Re-excisions are not the most pressing problem with regard to lumpectomy, but of all the outstanding issues, why did this group try to tackle the least scientific? Why did they focus on turning lead into gold?

I have said it many times before – when it comes to prospective, randomized trials that involve surgery or radiology, there is no such thing as pure science, and that means evidence-based medicine cannot thrive here like elsewhere. Why? Inadequate blinding and huge differences in quality.   Excellence is put on the back burner, and the focus is on “generalizability” – or, stated alternatively, the acceptance of substandard care into the trials.

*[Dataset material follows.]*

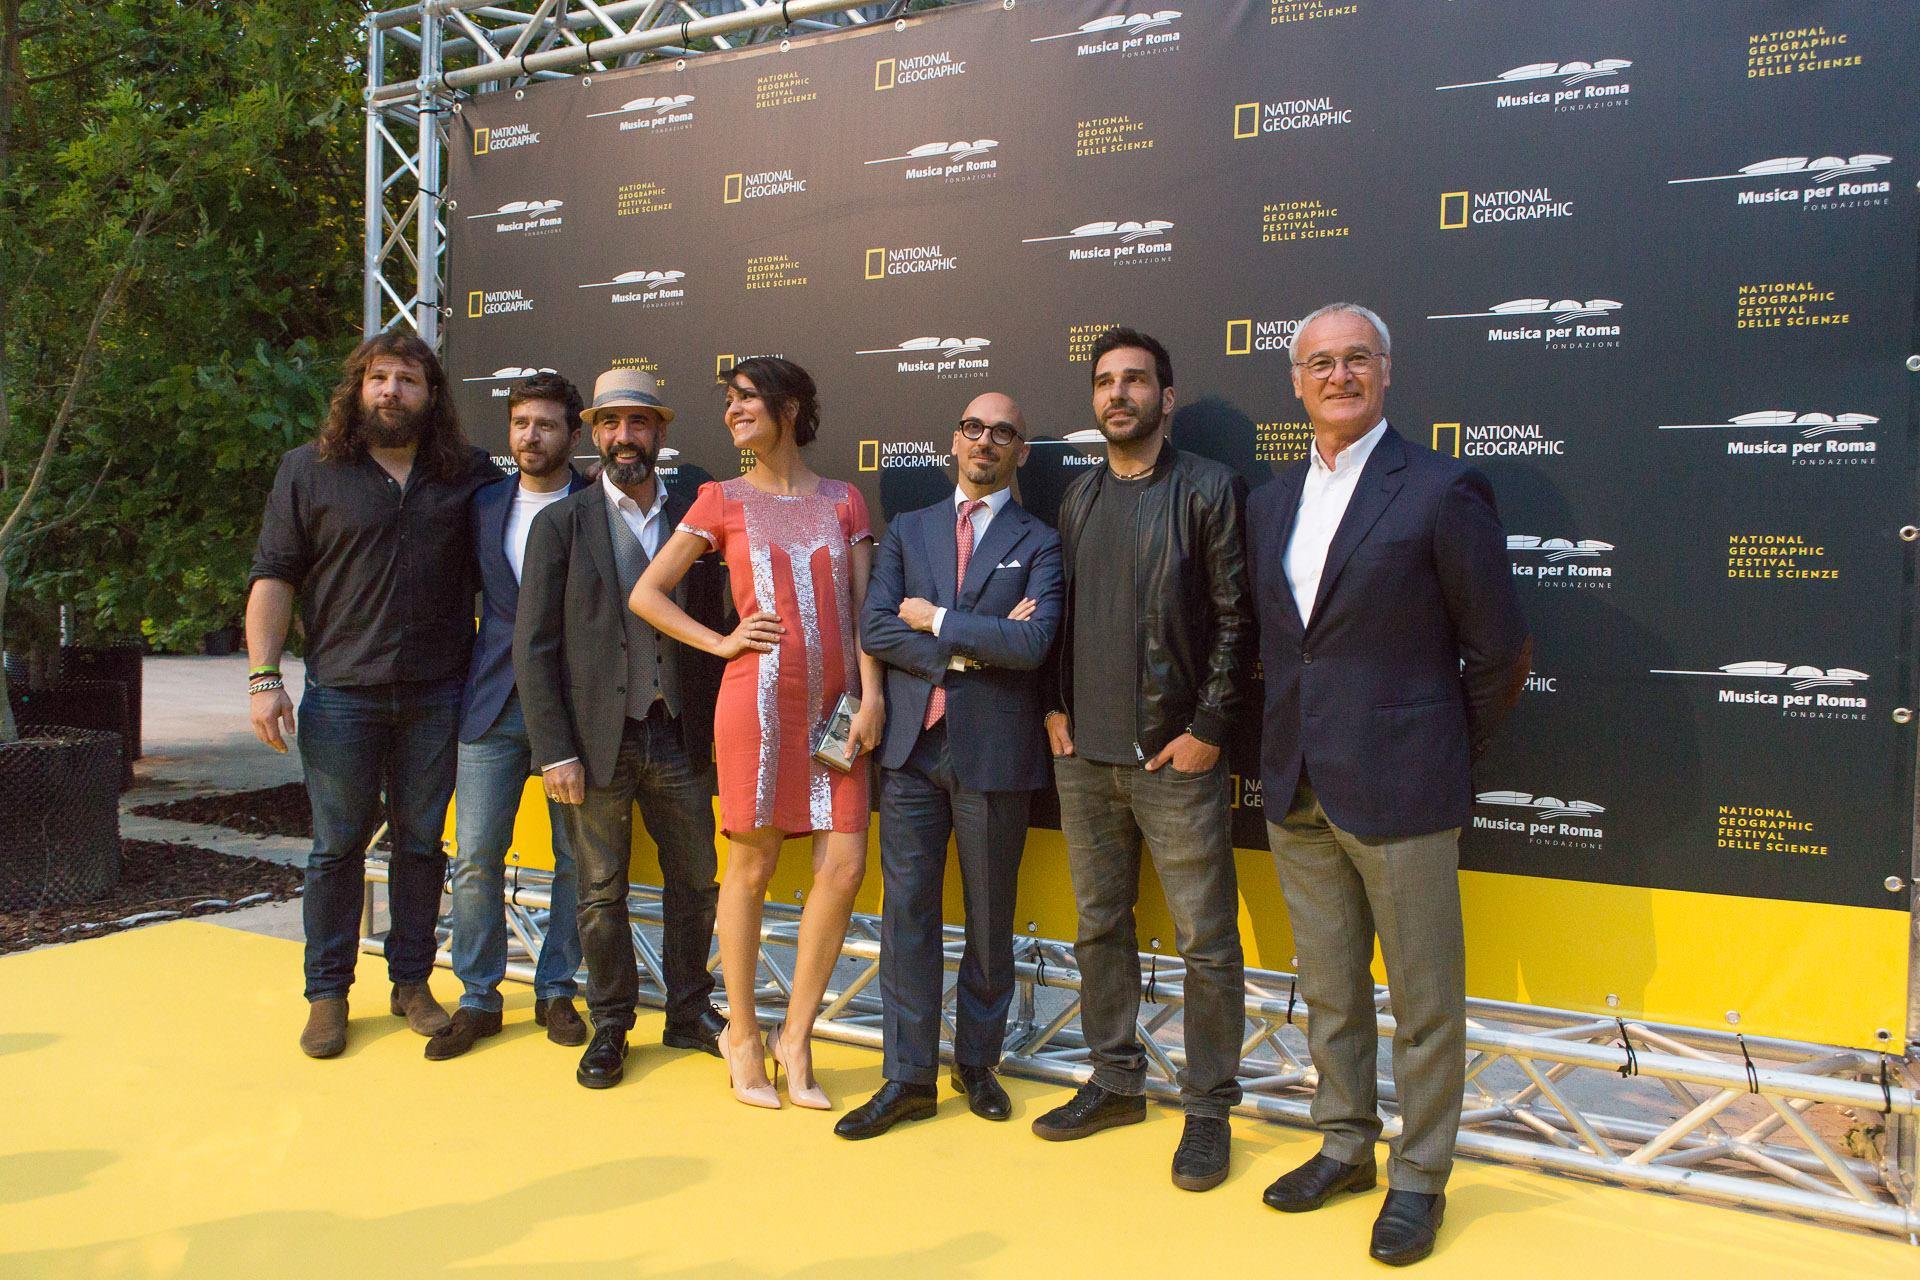 Folla di vip per la prima italiana di Genius: Einstein 7 Folla di vip per la prima italiana di Genius: Einstein
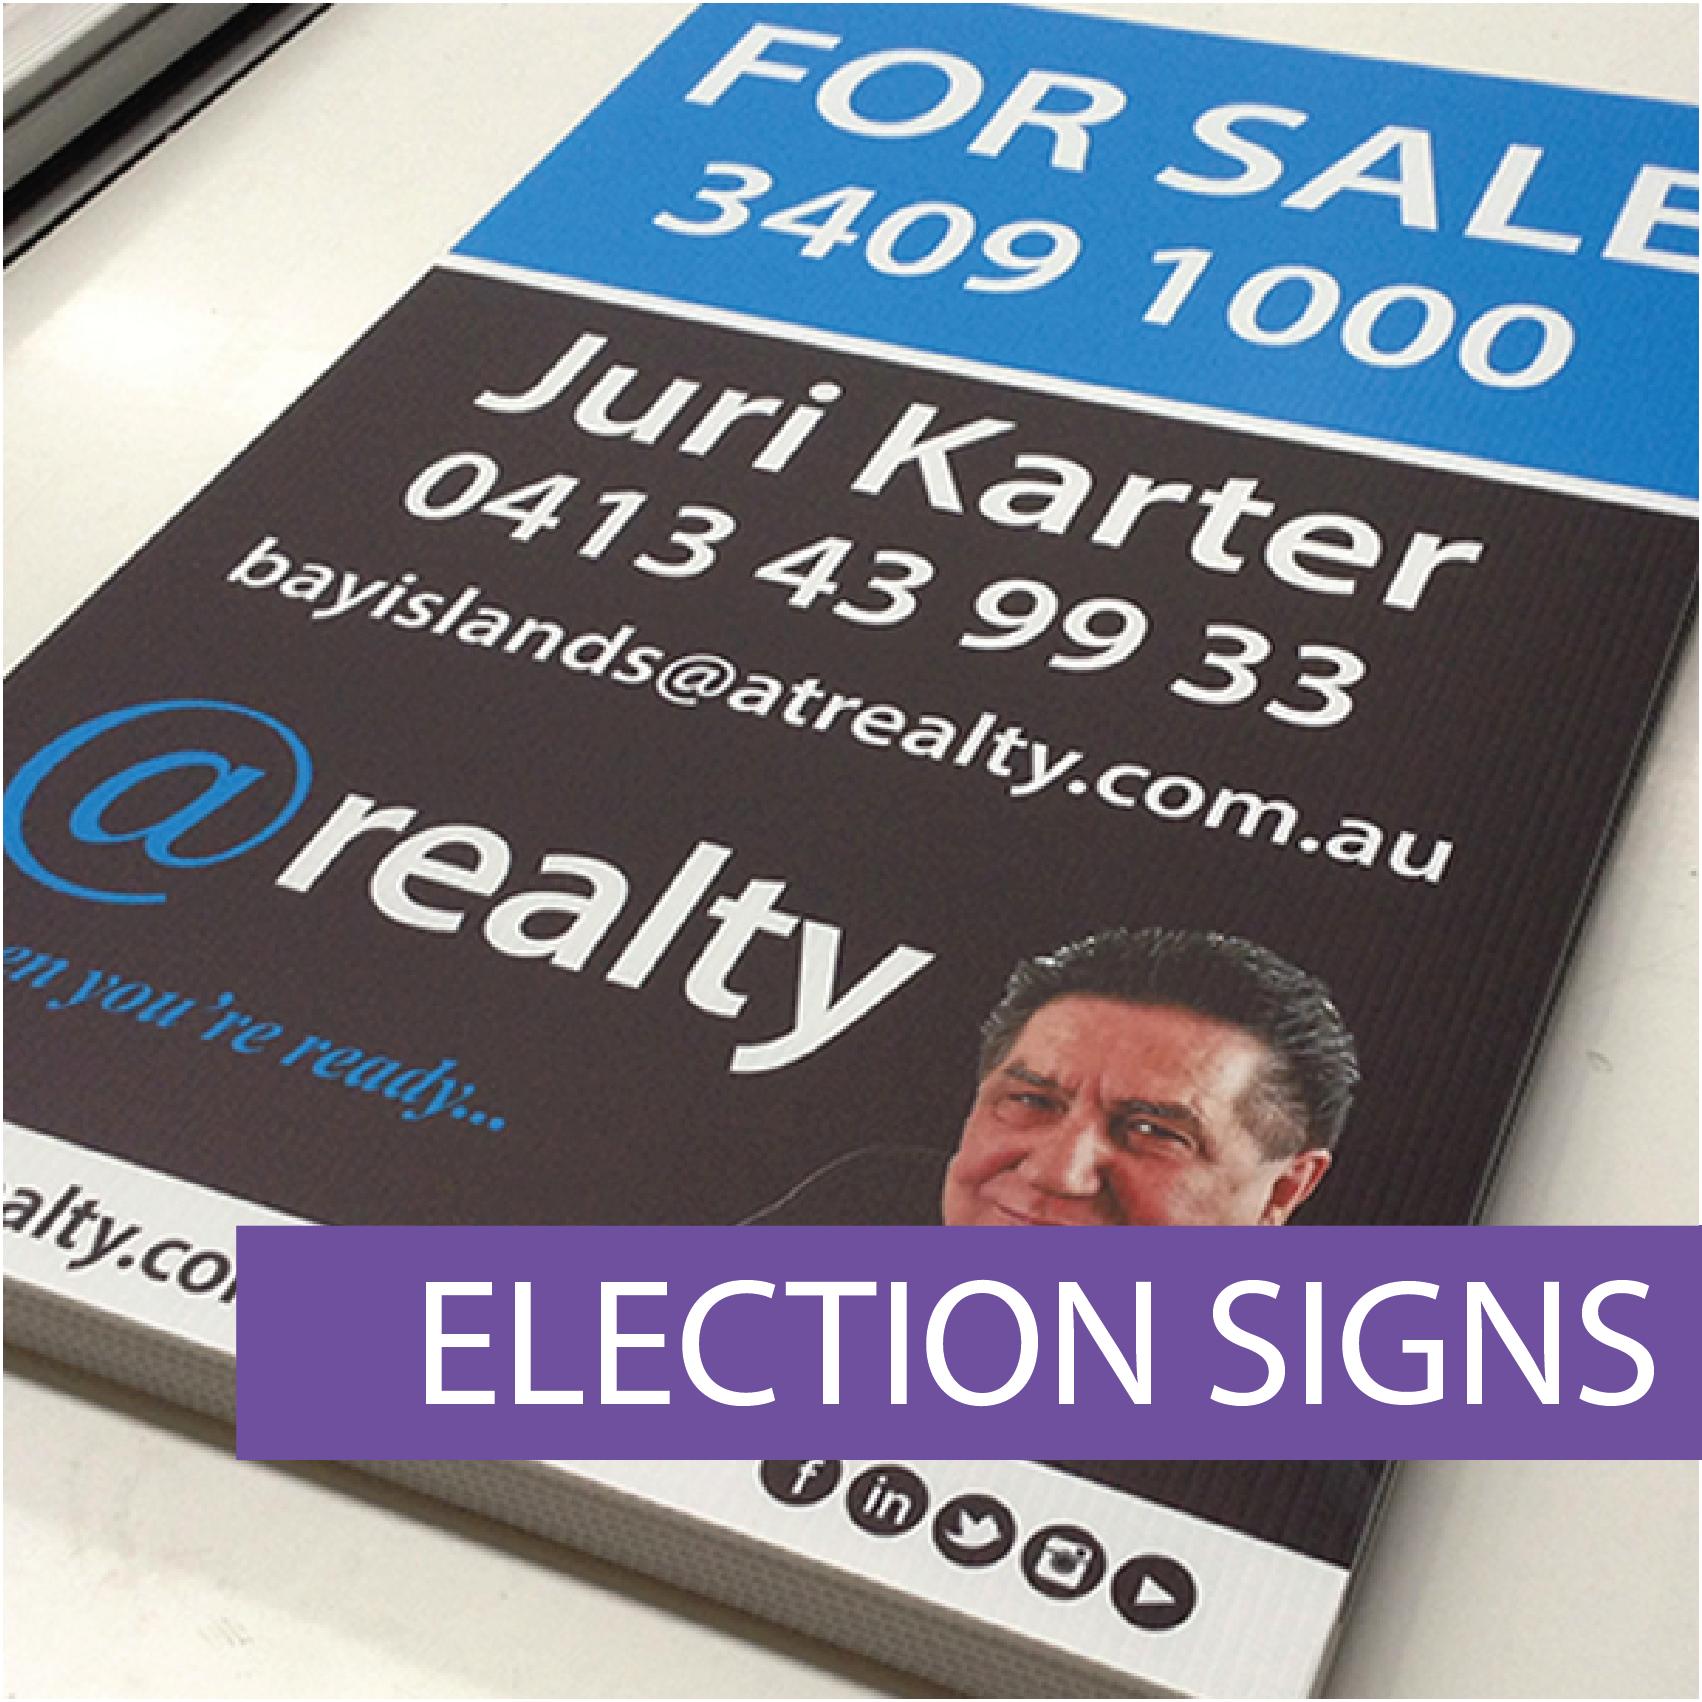 Electoral signs

In contrast to this poorly controlled situation, a miracle drug can be tested with triple-blinding (even the study sponsors don’t know who is taking what), and the pill being studied is standardized with a high degree of quality control. Imagine the absurdity of a clinical trial for a new drug, with each participating hospital responsible for manufacturing its own drug, free of quality controls, with these directions: “Whatever works best for you. We want the results to be generalizable.” That’s exactly what happens in surgery and radiology trials. If there is a more unscientific parameter than MARGINS that has been subjected to evidence-based medicine, I’d like to know what it is.

Oh, that’s right. The American Cancer Society subjected the clinical breast examination to the rigors of evidence-based medicine, and decided it should be stopped! I guess there really is no limit to the absurdity to which statisticians and their death-to-rationalism clinicians will follow.